Can’t you just put the passwords as keys in an ets table?

uh im not sure, i want to keep it a basic defmodule with a function

the most brutal way would be

"passwords.txt"
|> File.read!()
|> String.split("\n")
|> Enum.into(%{}, &{&1, true})

and check with Map.has_key

You can create the map at compile time by making it a module attribute.

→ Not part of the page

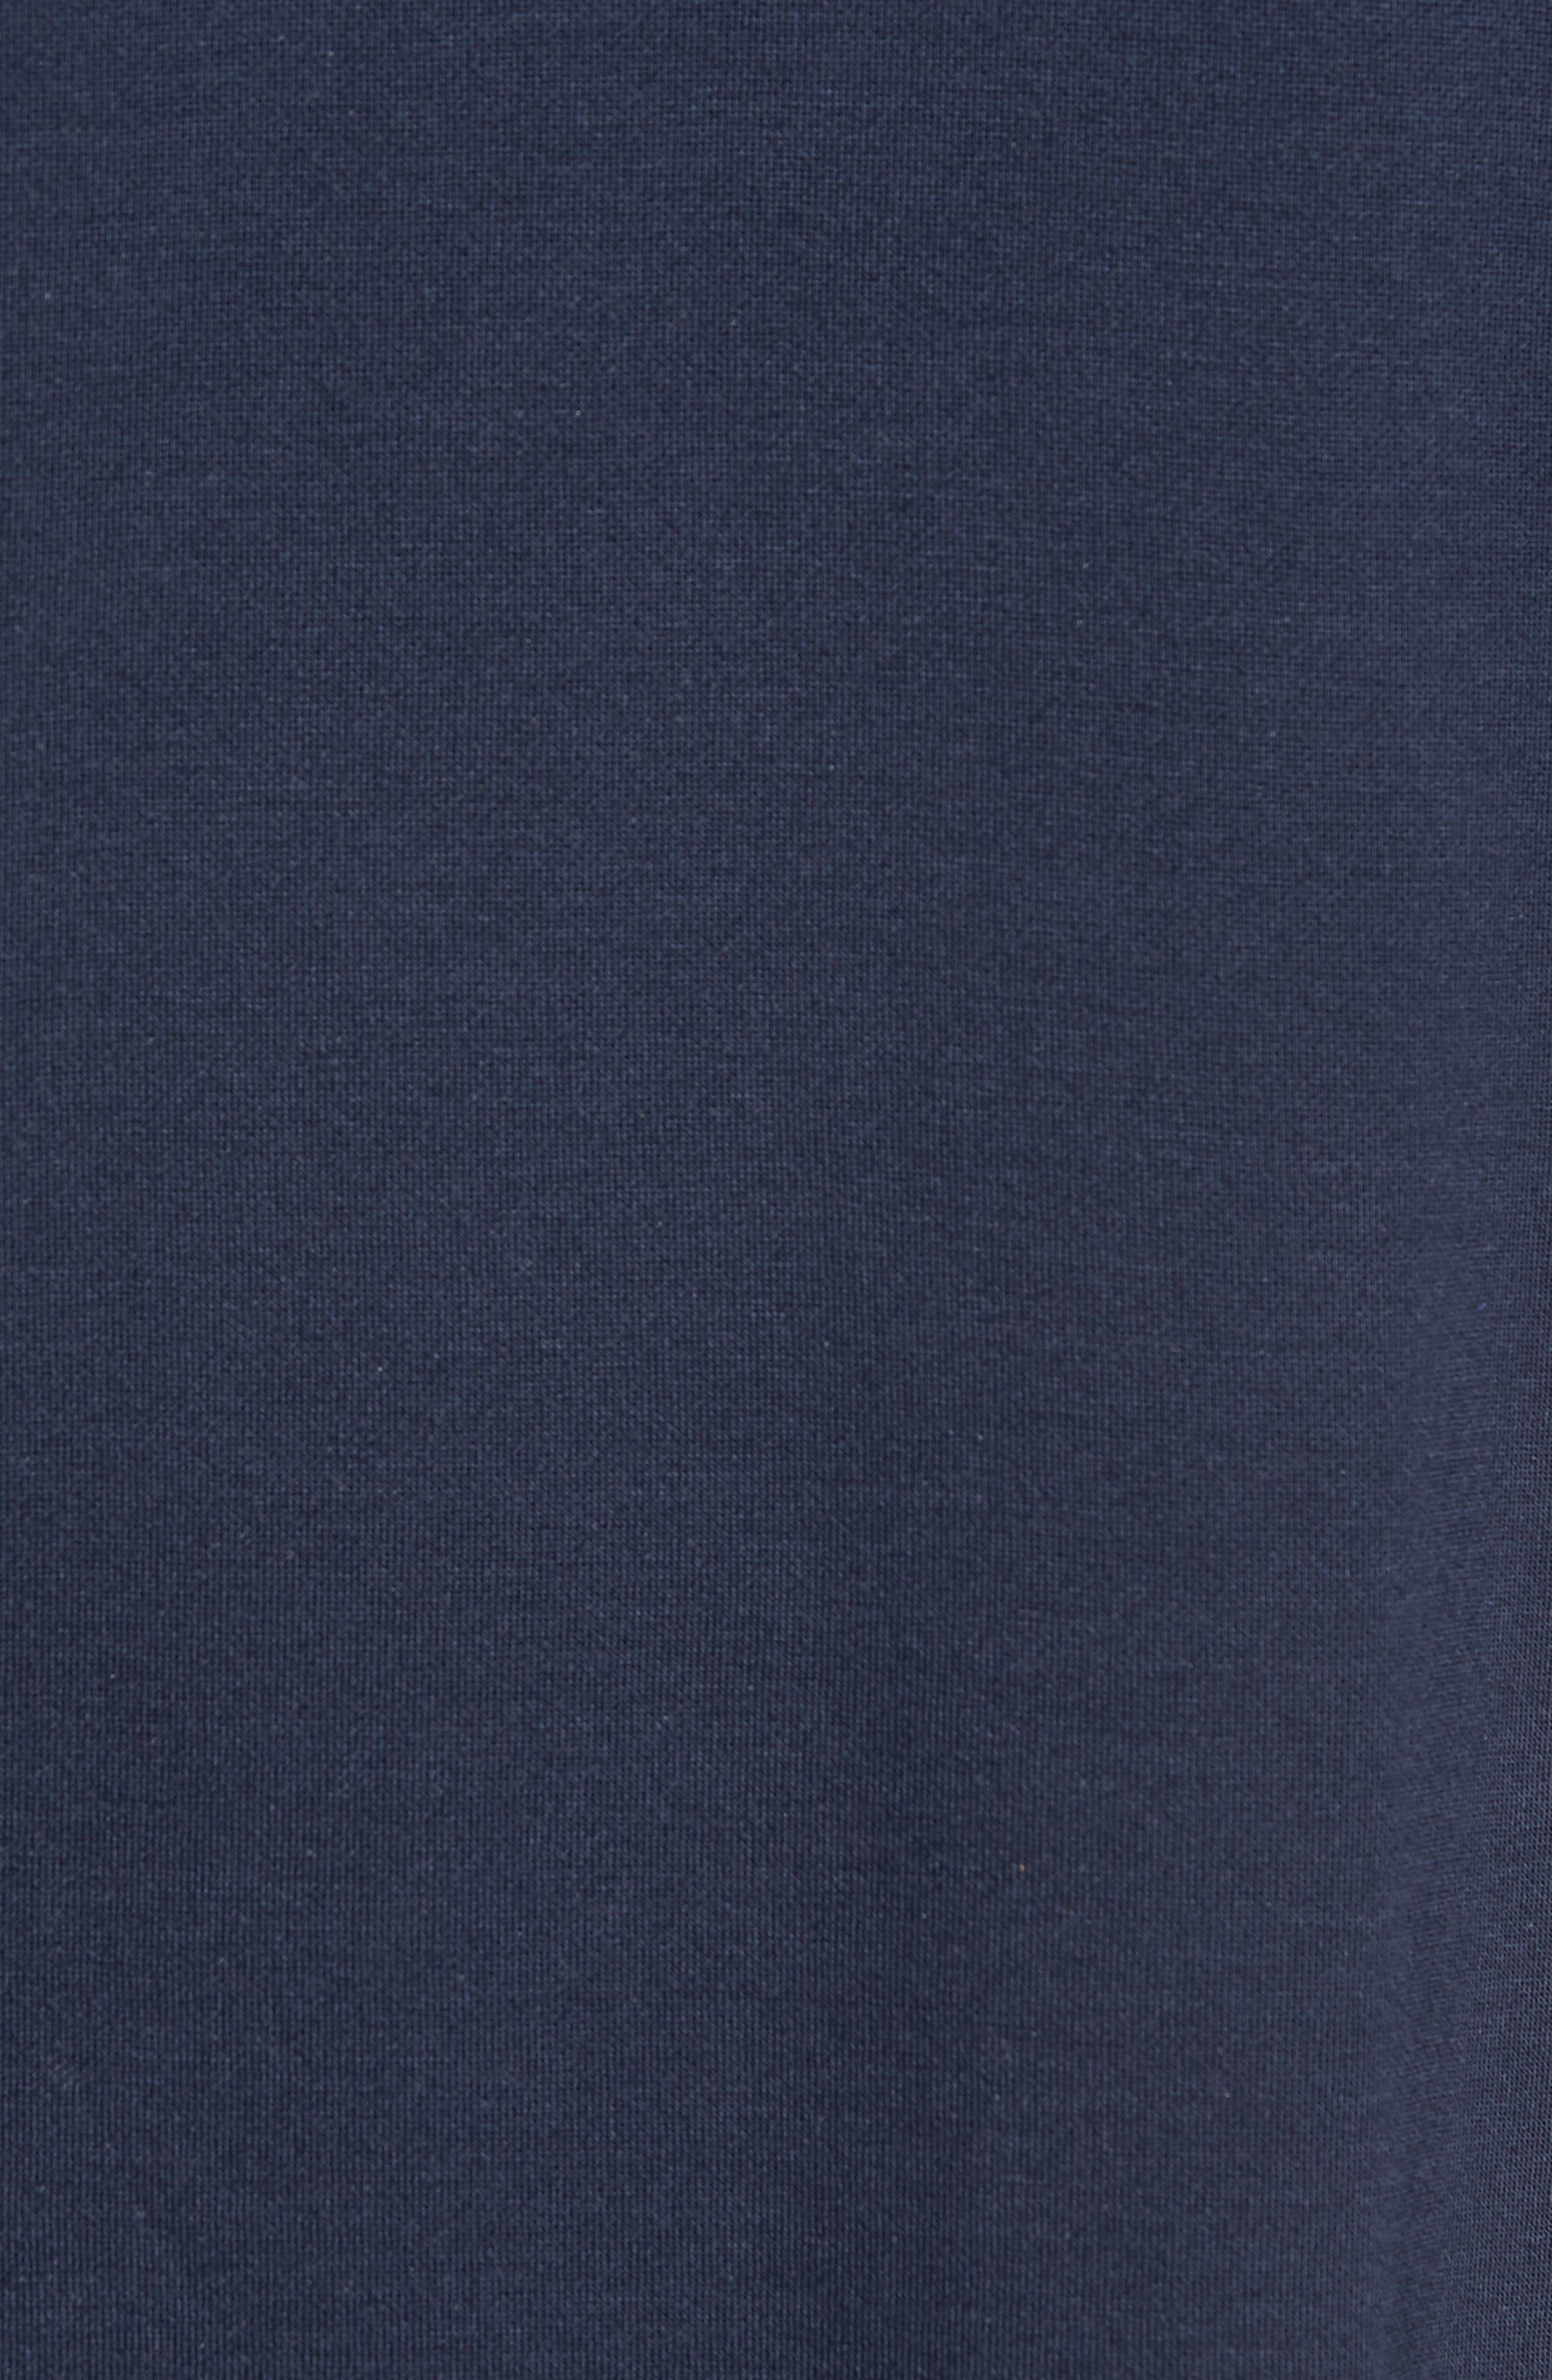 Trim Fit Colorblock Short Sleeve Polo,                             Alternate thumbnail 5, color,                             Navy Black

You don’t want to download/parse/… that file each time you have a password to check. I’d probably use :persistent_term to store the list of passwords in and regularly update it with quantum/Parent.Periodic/Oban/a gen_server/…. Then when it’s time to check a password pull out the list and compare the password to the list contents. That is if you want to avoid needing to do a release for getting an updated list of bad passwords. Otherwise what @Sebb suggested works at compile time.

Example script

Depending on your use case you can use this code in many ways:

Mix.install(~w[httpoison http_stream]a)
Application.put_env(:http_stream, :adapter, HTTPStream.Adapter.HTTPoison)

defmodule Example do
  @url "https://raw.githubusercontent.com/danielmiessler/SecLists/master/Passwords/Common-Credentials/10-million-password-list-top-1000000.txt"

  def sample do
    password = "123456"
    path = url_to_path(@url)
    IO.inspect(Example.find(@url, password), label: "Example.find(url, password)")
    IO.inspect(File.exists?(path), label: "File.exists?/1")
    IO.inspect(Example.save(@url, path), label: "Example.save/3")
    IO.inspect(File.exists?(path), label: "File.exists?/1")
    IO.inspect(Example.find(path, password), label: "Example.find(path, password)")
    File.rm(path)
    IO.puts("Removed file before next save")
    IO.inspect(Example.save_and_find(@url, path, password), label: "Example.save_and_find?/3")
    IO.inspect(File.exists?(path), label: "File.exists?/1")
    IO.puts("Cleanup (removed saved file)")
    File.rm(path)
  end

  def save_and_find(url, path \\ nil, text, opts \\ []) do
    path = ensure_path(path, url)
    url |> ensure_saved(path, opts) |> find(text)
  end

  def find(path_or_url, text, opts \\ []) do
    opts = Keyword.put(opts, :flatten, true)
    path_or_url |> stream(opts) |> Enum.find(&(&1 == text))
  end

  defp ensure_saved(url, path, opts) do
    force_save = opts[:force] || false
    if force_save or not File.exists?(path), do: save(url, path, opts), else: path
  end

  def save(url, path \\ nil, opts \\ []) do
    path = ensure_path(path, url)
    File.touch(path)
    file_stream = stream(path, Keyword.put(opts, :raw_stream, true))
    url |> stream(opts) |> Stream.into(file_stream) |> Stream.run()
    path
  end

  defp ensure_path(nil, url), do: url_to_path(url)
  defp ensure_path(path, _url), do: path

  def url_to_path(url), do: url |> URI.parse() |> Map.get(:path) |> Path.basename()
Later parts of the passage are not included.